I thought, about an hour ago, that my biggest anxiety is not having a home, not knowing where it is going to be, and not knowing how it is going to work.  I thought that, whether it is accurate or not.  I’m 22 months homeless now, and maybe immediate things should be more a cause of concern.  But no one is officially acknowledging any of the things I have said about previous experiences.  I just felt like jumping up and running to Tommy Boyd, but I don’t have enough money to pay the fare.  I wouldn’t have anyway, today.

Relationships and comfort zones with other patients are cooling, and at the same time I’m becoming a lot more fudged in my relationships with staff.  I have made some of them special to me, more honestly, some of them have made themselves special to me by their kindness.  All this stuff about boundaries I was asked to learn by the church, to be used against me, so it seems, seems to be going by the board at the moment.  But that may be only because I feel inhibited about being angry, most of the time, unless I flip and start shouting in my room.  If I say I am having a problem with anyone on the ward the official position and statement seems to be ‘I don’t think so’, or ‘I don’t think s/he is’.  It is never opened up or examined.  So it continues and I can’t talk about it.  I’m still being voice and expression-matched, and I find that so upsetting.  How can doing me back at me be good communication?  I thought that communication was about two or more different and distinct individuals interacting and revealing themselves, being themselves.  Have I lost the plot somewhere?  Have I missed something, a shift in what communication is?  I think copying is about power.

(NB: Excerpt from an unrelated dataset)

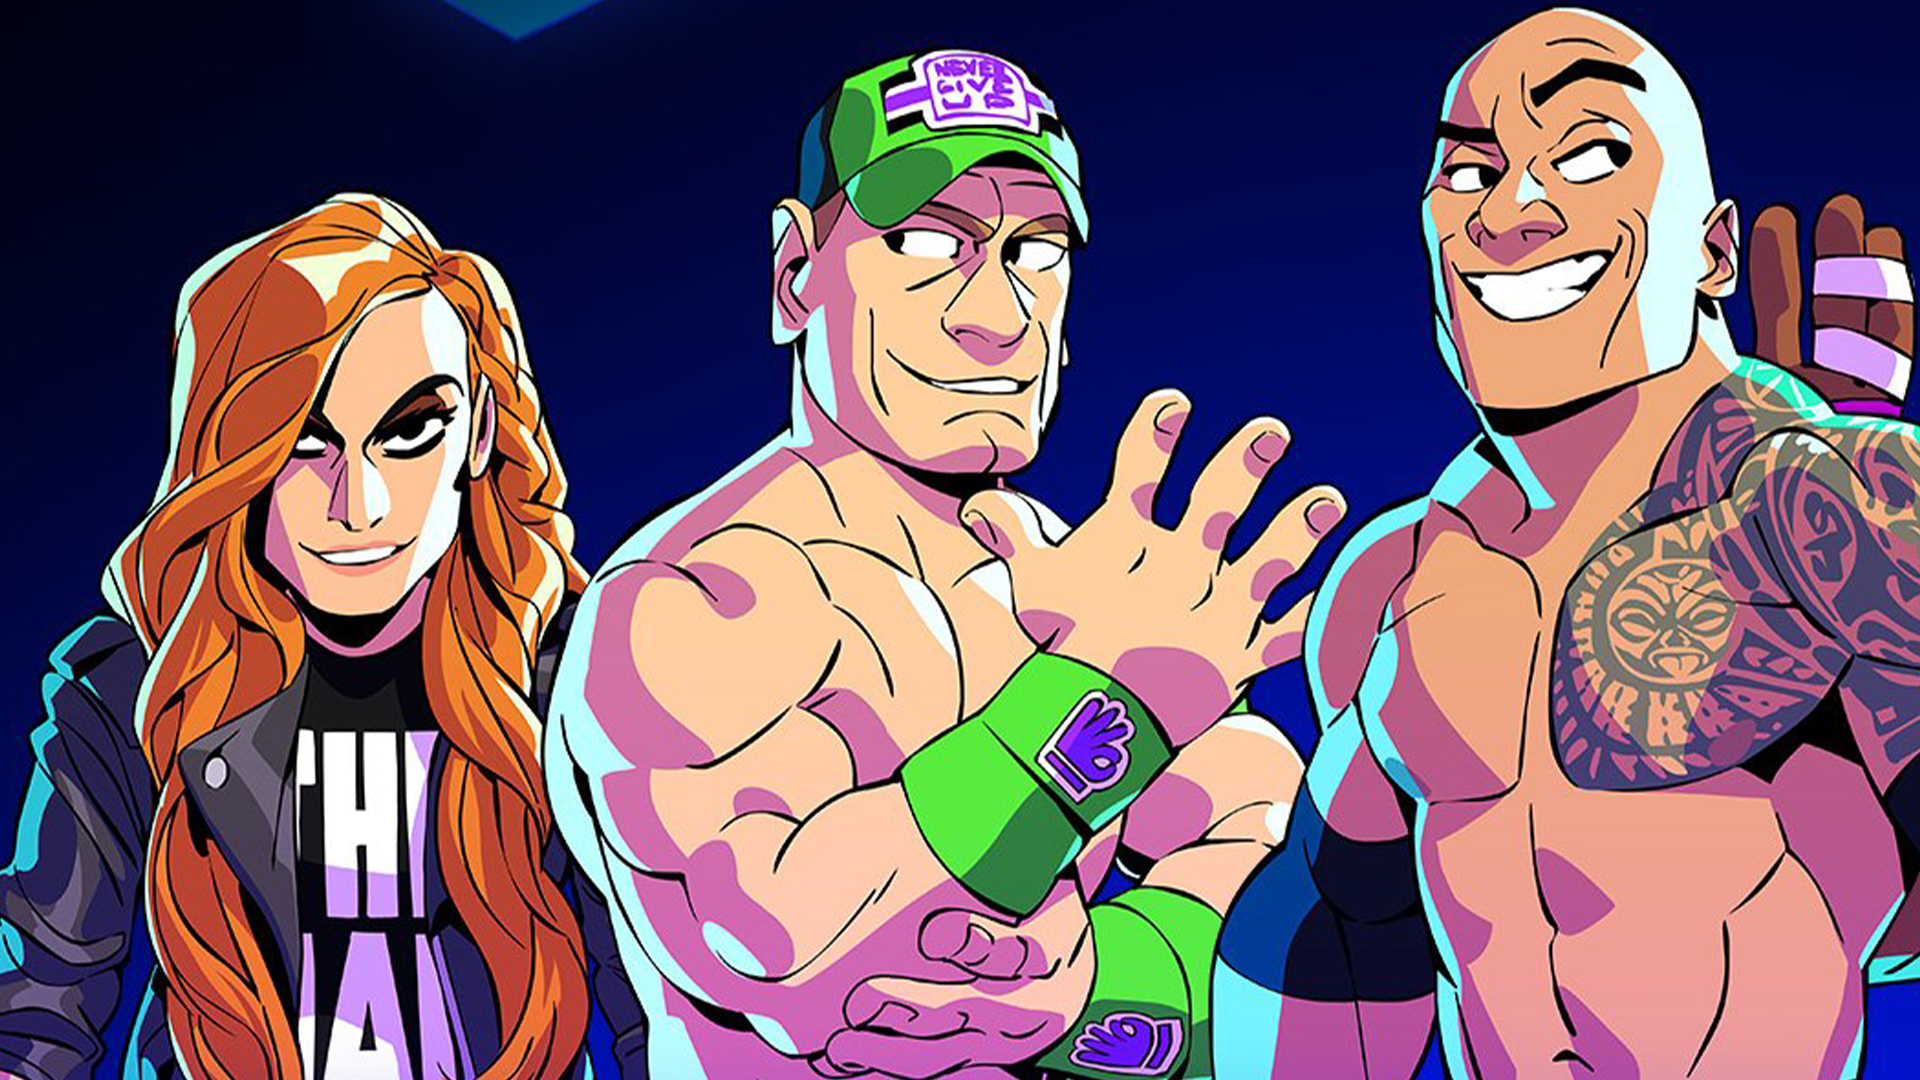 John Cena Becky Lynch And More Wwe Stars Join Smash Bros Like Brawlhalla Pcgamesn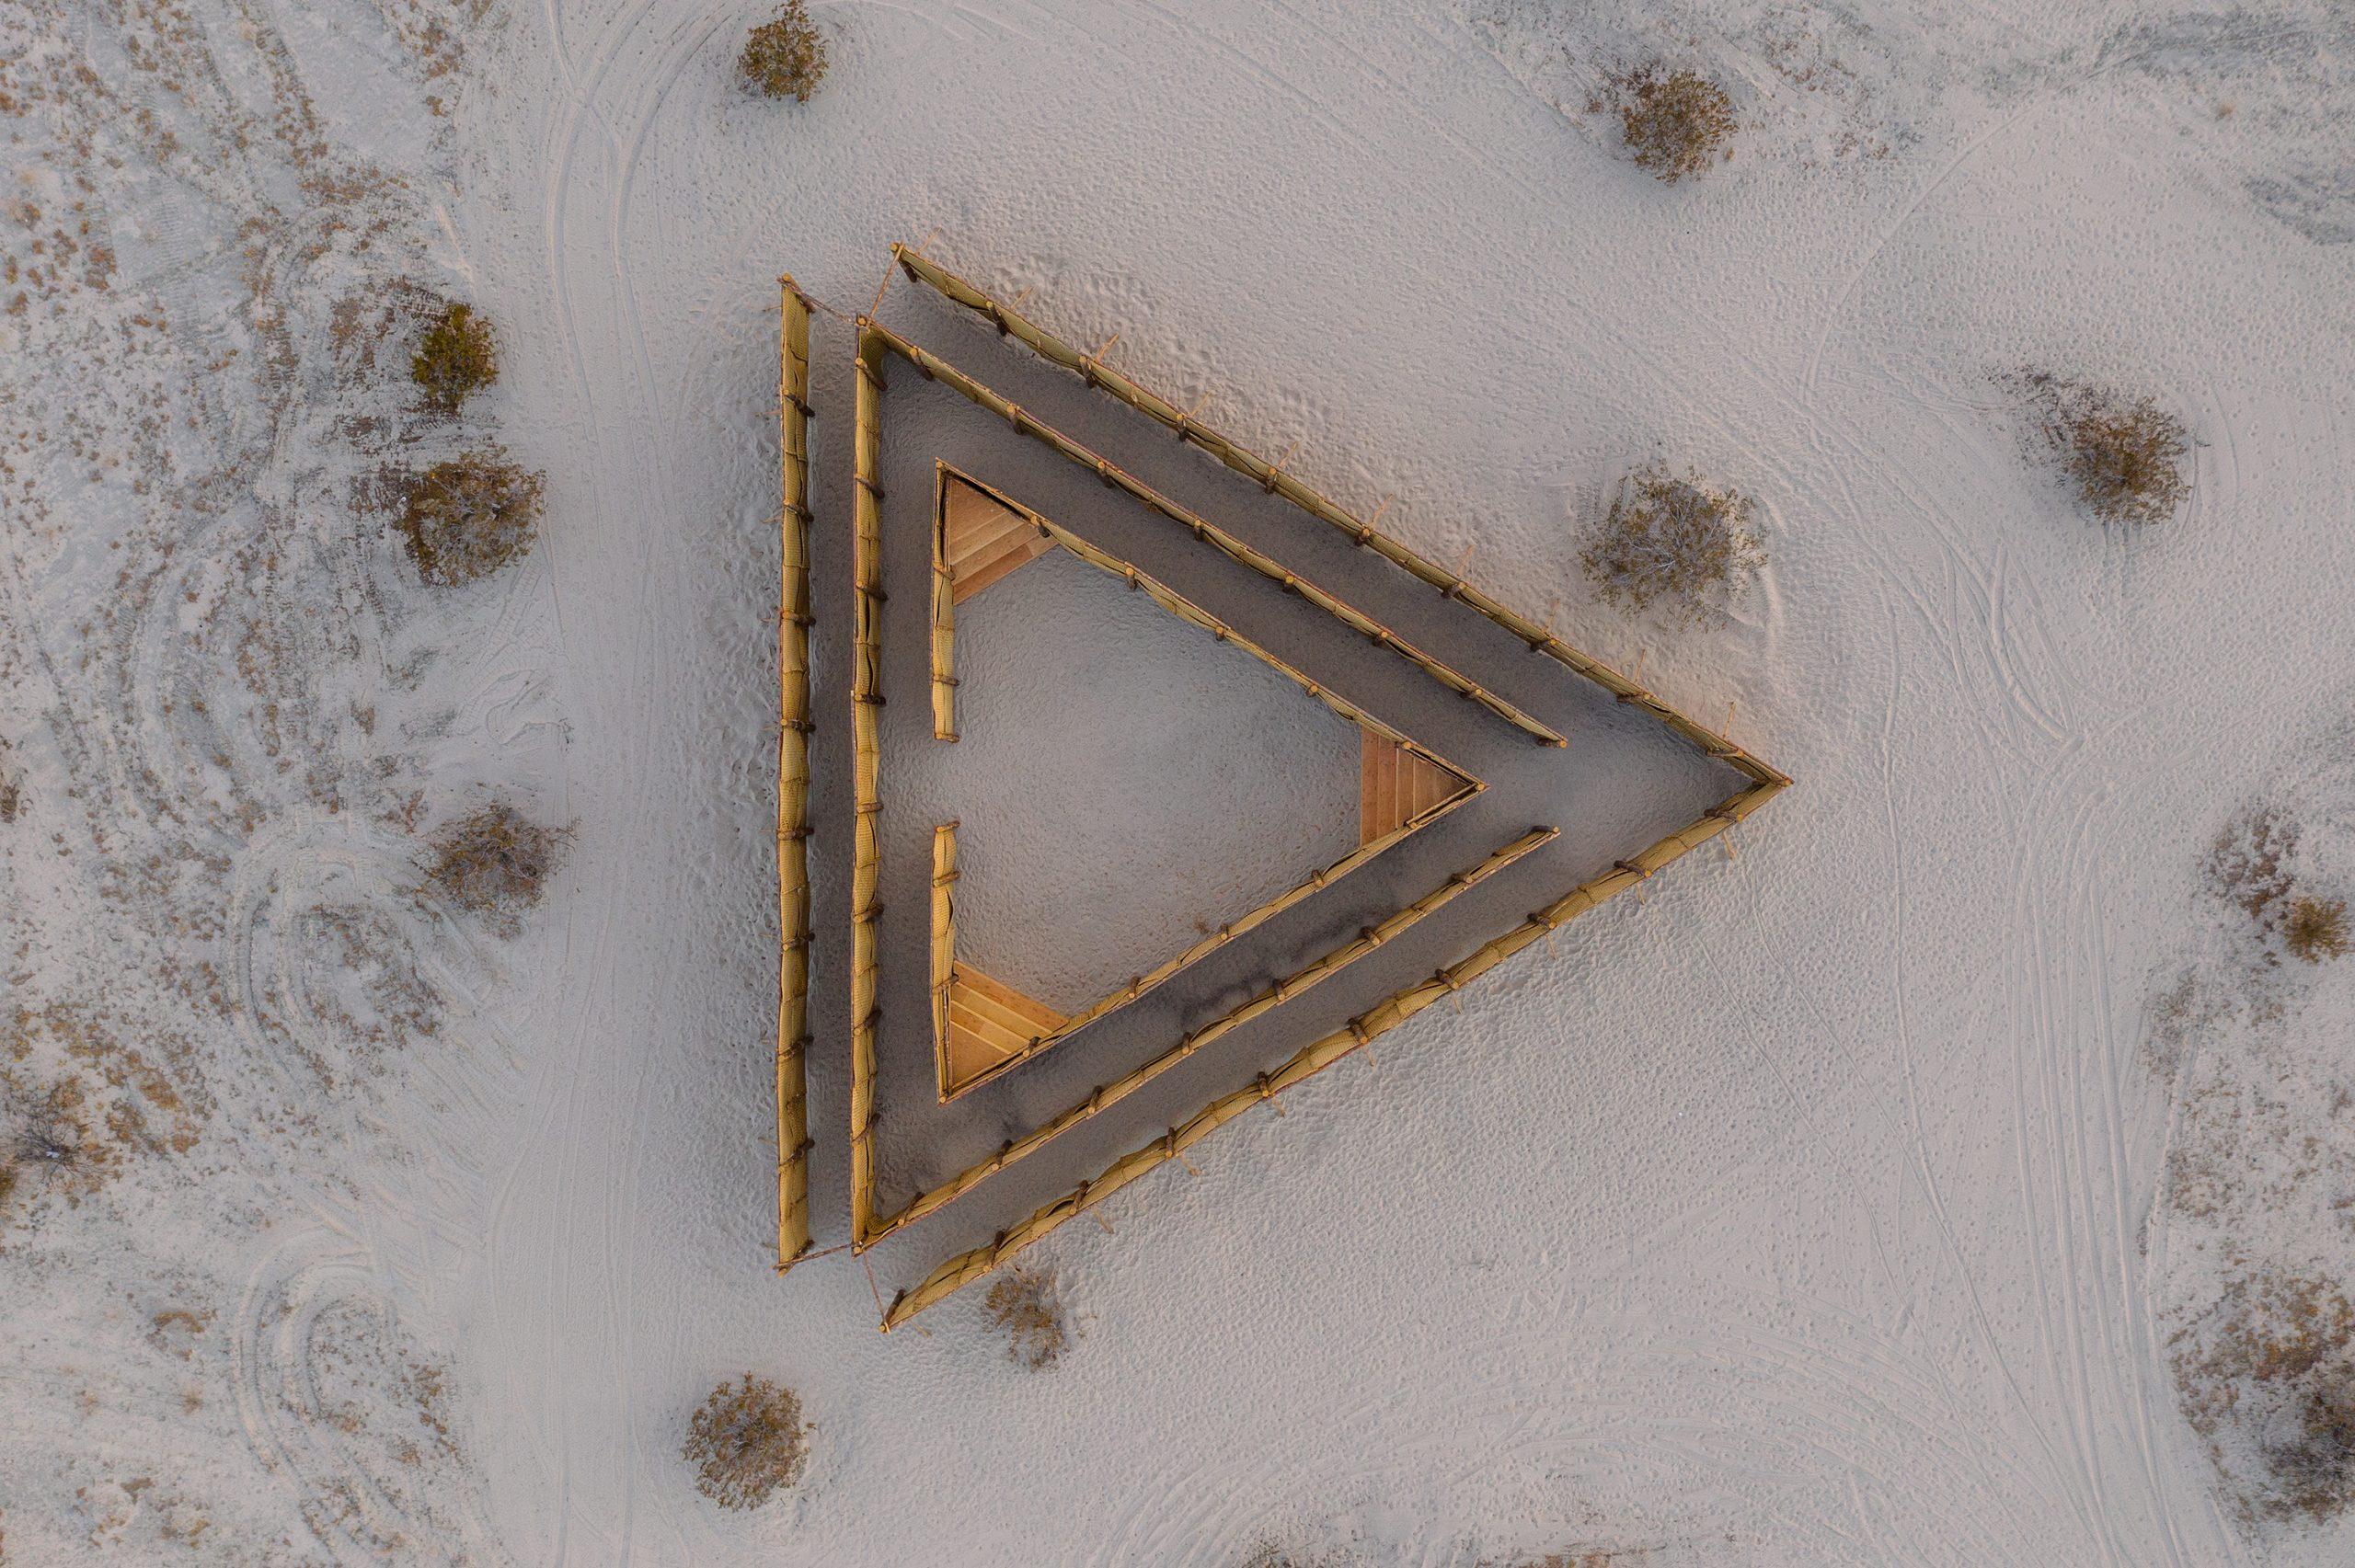 Desert X 21 - Coachella Valley. DX 2 Eduardo Sarabia - The Passenger. Photo by Lance Gerber.jpg

I started out saying that these people, the staff, knew what was happening as well as I did and that it was up to them to say so/stop it, with open commitment, whatever they got from me by way of anger and hysteria.  Now I feel I am softening and thinking maybe now we can talk about it.  But the fact is that in the meantime they have bullied me with mimicry and interventions and put me on medication, all the time knowing that what I have said is true.  It doesn’t augur well for anyone else, does it, if one person has to become reasonable to stop the assault and get the help they need.

I keep approaching this in a general way and not posting a lot of stuff i would like to have posted.  I have thought I should list people by name and their offenses, as I see them.  But I have also thought in the last 24 hours as I have before, that the best way not to be like someone is not to be like them.  But that is just in personal terms.  The relationship I have with the staff is not a cosy, life-affirming personal relationship and never will be.  I don’t think I know the best thing to be or do in this situation anymore, and its effect seems to be that I am developing a distaste for and aversion towards my blog, and an aversion to naming and shaming.  But what is the alternative?  For me personally, it doesn’t make things comfortable by any means, some people are reacting quite badly, but at least I won’t be having painful conversations with people who use their positions to abuse or disengage, from whom I later have to get food and medication and be let off the ward.

I overheard Alex say last night ‘he won’t get anything out of me’.  No idea what it was about.

I’m beginning to think of the hospital as a community run by the nurses, and interactions in public as group therapy.  It’s wild, it’s weird, it’s making my ears ring thinking about it.